Hello and welcome to our community! Is this your first visit?
Register
Enjoy an ad free experience by logging in. Not a member yet? Register.
Results 1 to 6 of 6
  1. #1
    New to the CF scene
    Join Date
    Apr 2008
    Posts
    3
    Thanks
    0
    Thanked 0 Times in 0 Posts

    handling bad HTML in Javascript

    This is about JS, trust me (I think).

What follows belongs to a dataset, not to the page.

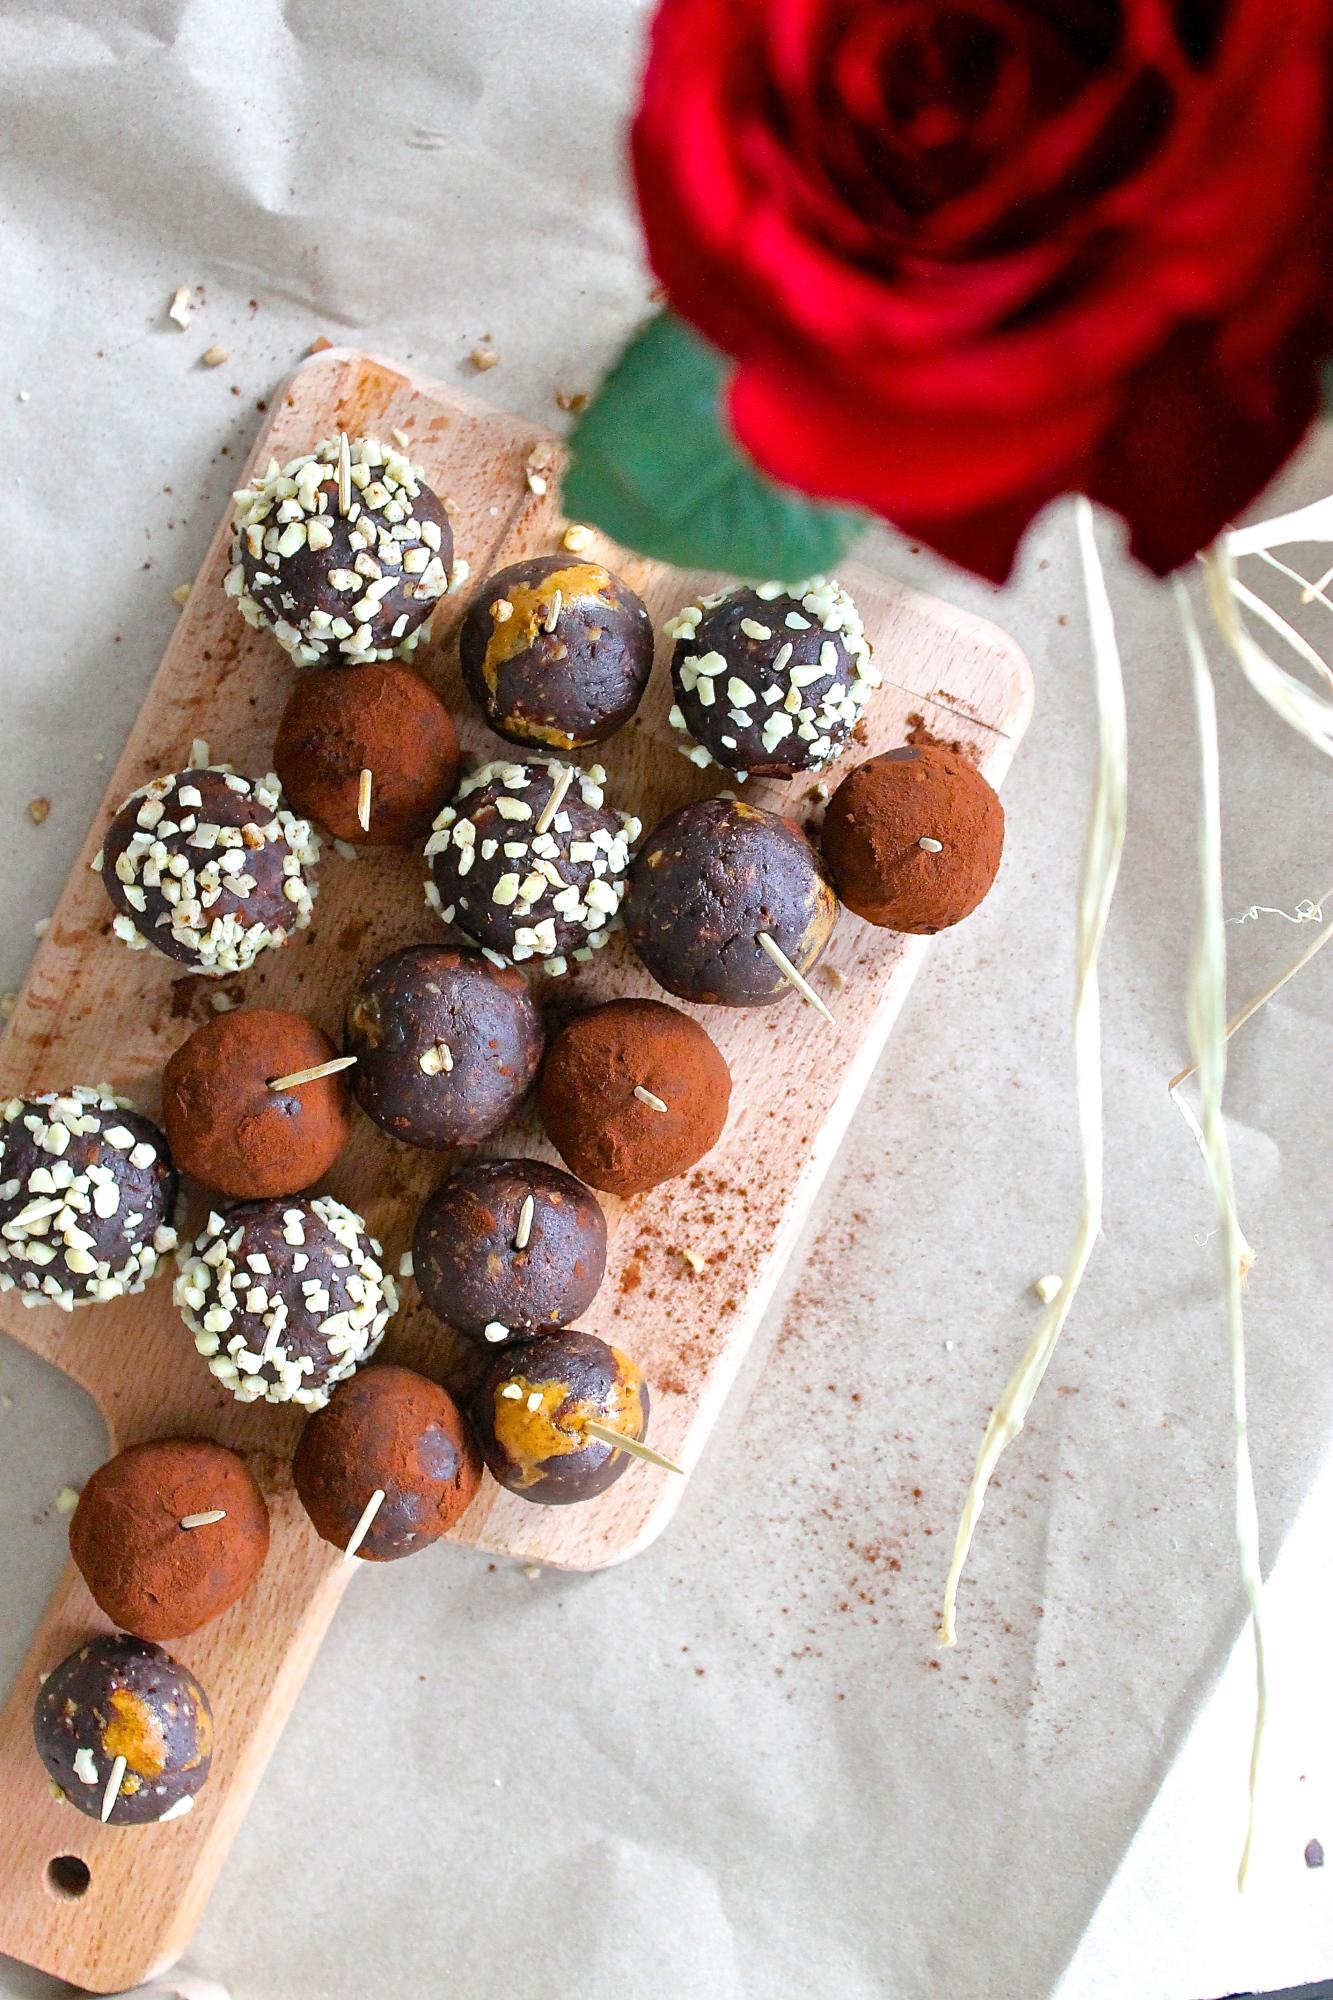 seductive chocolate peanut butter bites

    I have an XSLT that converts RSS to a neat and readable HTML document. The resulting HTML document uses javascript to do some fancy tricks. My HTML is table-free HTML using a CSS style sheet to display elements. My problem is that some of the RSS feeds display HTML in their content and their HTML is sometimes bad. Their bad HTML breaks my pretty HTML.

    I need to know if there is a way to properly contain bad HTML so it won't affect mine or to test their HTML for errors before I try to display it.

    I know Google Reader does something like this because the feeds that break my reader don't break Google. If I look at the Google source code, the offending elements are left out. How are they detecting and trapping that?

  • #2
    Regular Coder mjlorbet's Avatar
    Join Date
    Jan 2008
    Location
    Milwaukee, WI
    Posts
    724
    Thanks
    8
    Thanked 96 Times in 95 Posts
    Code:
     
    function doFixBadHTML(rssFeedContent){
    return rssFeedContent.replace(/>/g, "&gt;").replace(/</g, "&lt;");
    }
    this will at least prevent the bad html from rendering, just showing the actual tags instead. also, i'm not 100&#37; that my regex is good, so don't kill me if it doesn't work, it's the principle i'm trying to convey on that.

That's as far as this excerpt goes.